When Ajanta Deo – whose poetry I have come to cherish over the past year – said she has written a “novelette” in Hindi – a piece of writing longer than a short story, and shorter than a novel, I was intrigued by this choice of form. What kind of a story needs that kind of length of time – not too long, not too short, I wondered. When we sit with friends to share or discuss something important, we often ask “Do you have some time?”

We want to lock in a certain amount of time that we feel we will need, and without the certainty of which we do not want to proceed. Our need varies depending on the story, its urgency, and how much of it we want to share. Sometimes the available time determines the form of the story. So yes, I got thinking of the short novel – novelette form and its implication on Deo’s story. I also wondered when a poet seeks prose to tell a story.

Story in poetry

Reading Deo’s writing for a while now I can imagine her being brilliantly able to share any kind of story in poetry – such is her skill with words and expertise in extracting insights from the mundane and quotidian. Thus Kharij Log arrived quietly in its slim form with much anticipation, its cover illustrated in burnt sienna and brick red images of a camel, people and havelis suggesting a tale from the deserts in the west of the country.

From its very beginning, Kharij Log sets you up for a quest that you know will neither be easy nor comfortable. The terrifying trial of providing the government with evidence of citizenship is fresh in our minds. As the sword of the CAA continues to hang over many people’s heads, a number of them are languishing in detention centres. There is also the memory of the resistance against these draconian laws that stormed across the country not so long ago in the past.

This is what the first few pages of Kharij Log contextualise, without once mentioning the actual incidents in this country. It is the artistry of the author who can reveal without telling, and entangle without twisting – the trauma inflicted on millions of people in this country in the name of gathering proofs of belonging.

From here begins the journey of this book to unravel what the evidence of belonging to a land could mean for a person. It is told with the narratives of a small town and its varied people, language, spaces, rituals and minor everyday occurrences.
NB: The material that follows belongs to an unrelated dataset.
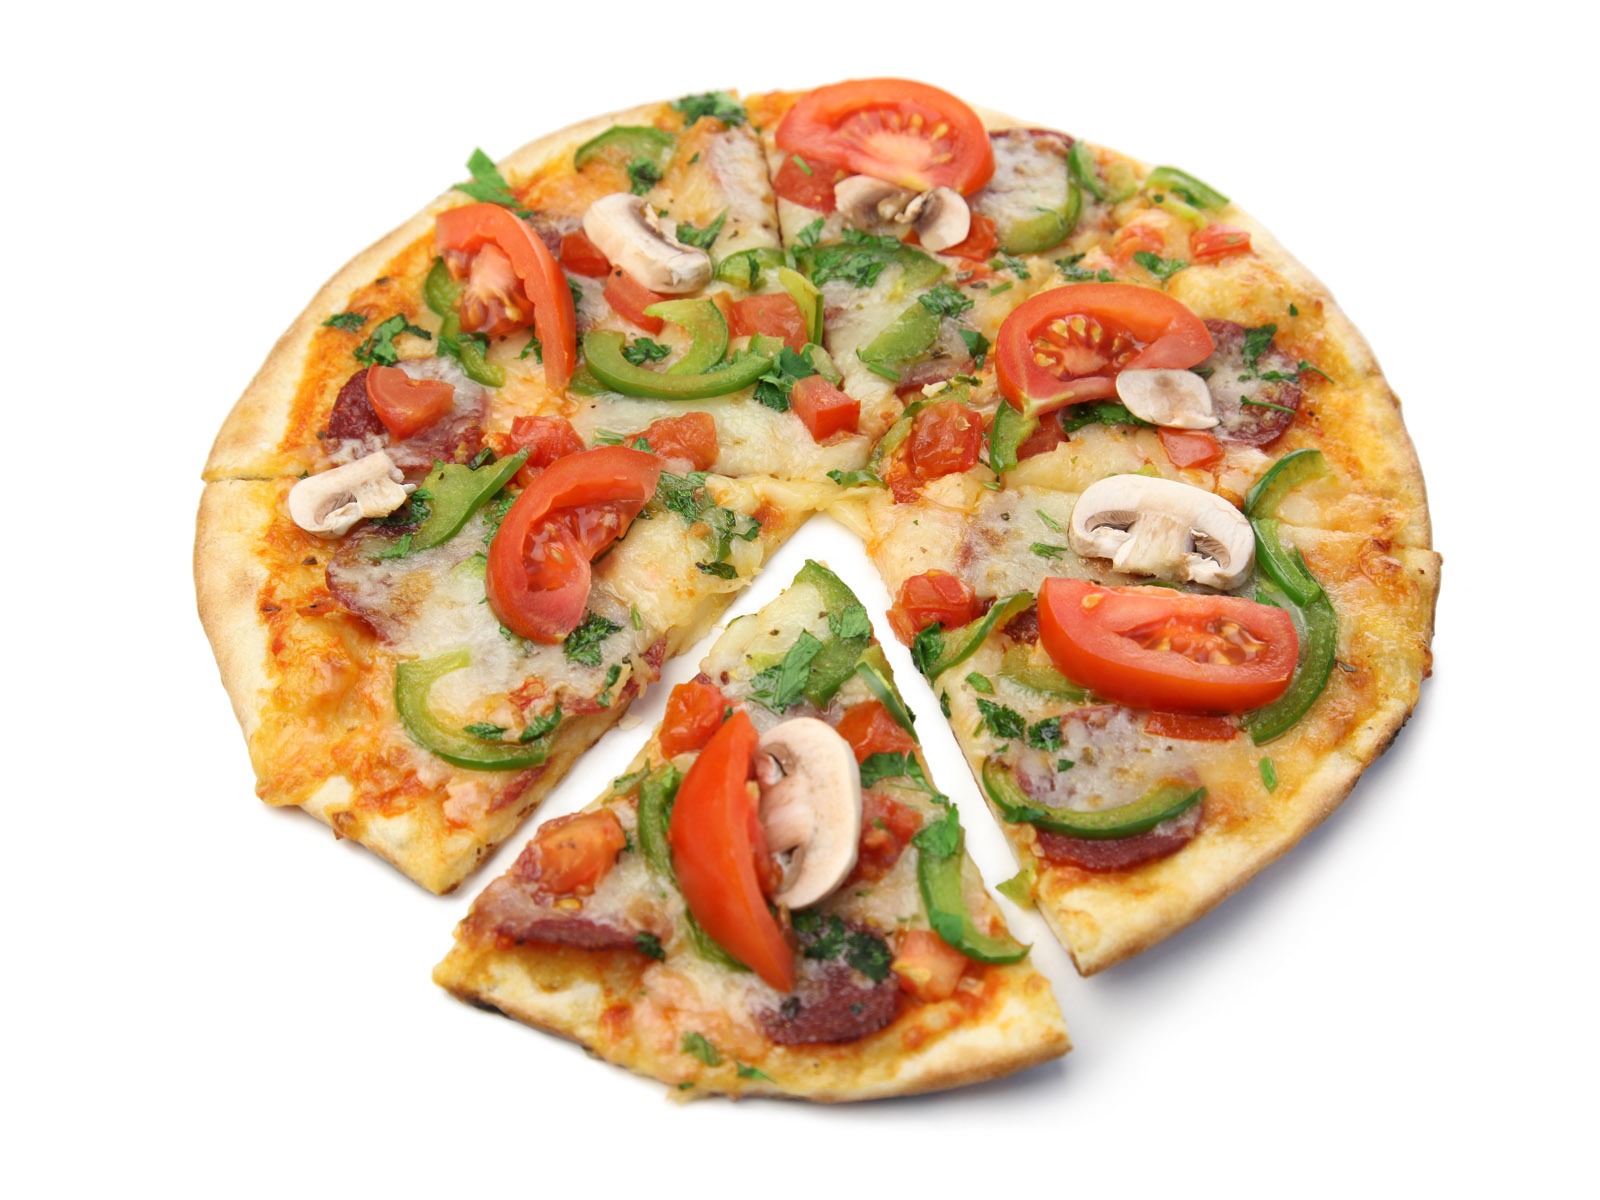 Fondos de pizzerías de Alimentos (4) #14 - 1600x1200

Deo builds an elaborate architecture of time and space through the memory of the absent protagonist of the book. Like a playful raconteur, she takes us through the history of the town as it changes over the decades of her growing up in and with it.

Destinies and fates

The stories move from insignificant happenings in the lives of ordinary people every day in a small town to the larger consequences of being in a town close to the border during wartime. There is a sense that nothing is changing even as it continuously changes – so typical of every place. It’s like one never quite captures the ageing of a person one lives with every day. It is only when suddenly one day, perhaps sipping tea, one abruptly looks up to see an aged face that one wonders where all the years have gone. Deo’s small town in all its dawns and dusks lives like a million other towns in this country – intimate to its people, irrelevant to anyone else. This intimacy, instead of a piece of governmental document, is what the protagonist offers in the file submitted for the registration of citizens to the jury who will decide her fate.

As I finished reading the book, I understood why Deo had chosen the novelette form for this effort. The story is an urgent one – it can neither wait for the gestation of a full-blown novel, nor its prolonged period of reading. It also needs more space – it cannot fit into a short story. Thus, this novelette form is just right for its length and can be read breathlessly in a few days.

I also realised why a powerful poet like Deo has sought out prose for Kharij Log. Poetry often has a coded language, a winding road to its meaning within meanings, in a twilight zone of half shadows. This story, however, needed the sharp sunlight of prose, a straight telling of its exigencies. (Though I must confess I did consider this to be a very long poem by Deo.)

Kharij Log is a chronicle of a small town’s journey from one insignificant existence to another, and it carries the stories of various people whose destinies meet, crash and tumble in time. Kharij Log is also a set of questions about what it means to be from a certain place, and whether being a witness to the life of that place over decades can also be considered proof of belonging to it. It asks whether government-sanctioned papers are more valuable evidence of belonging than lived experiences; and whether papers that can be so easily counterfeited must decide one’s relationship to a land more than knowing the map of memories hidden under the skin of that land.

Kharij Log in its poetic eloquence creates a world so similar to ours, yet not quite; its people so much like us, and yet not quite. This blurring of boundaries between the known and unknown is like the haze between sleep and wakefulness where one wonders what is real and what is just a dream. The novelette lives in this liminal space of the in-betweens, much like the rejected people of the land whose evidence of belonging it is.

Kharij Log, Ajanta Deo, Sambhavna Prakashan.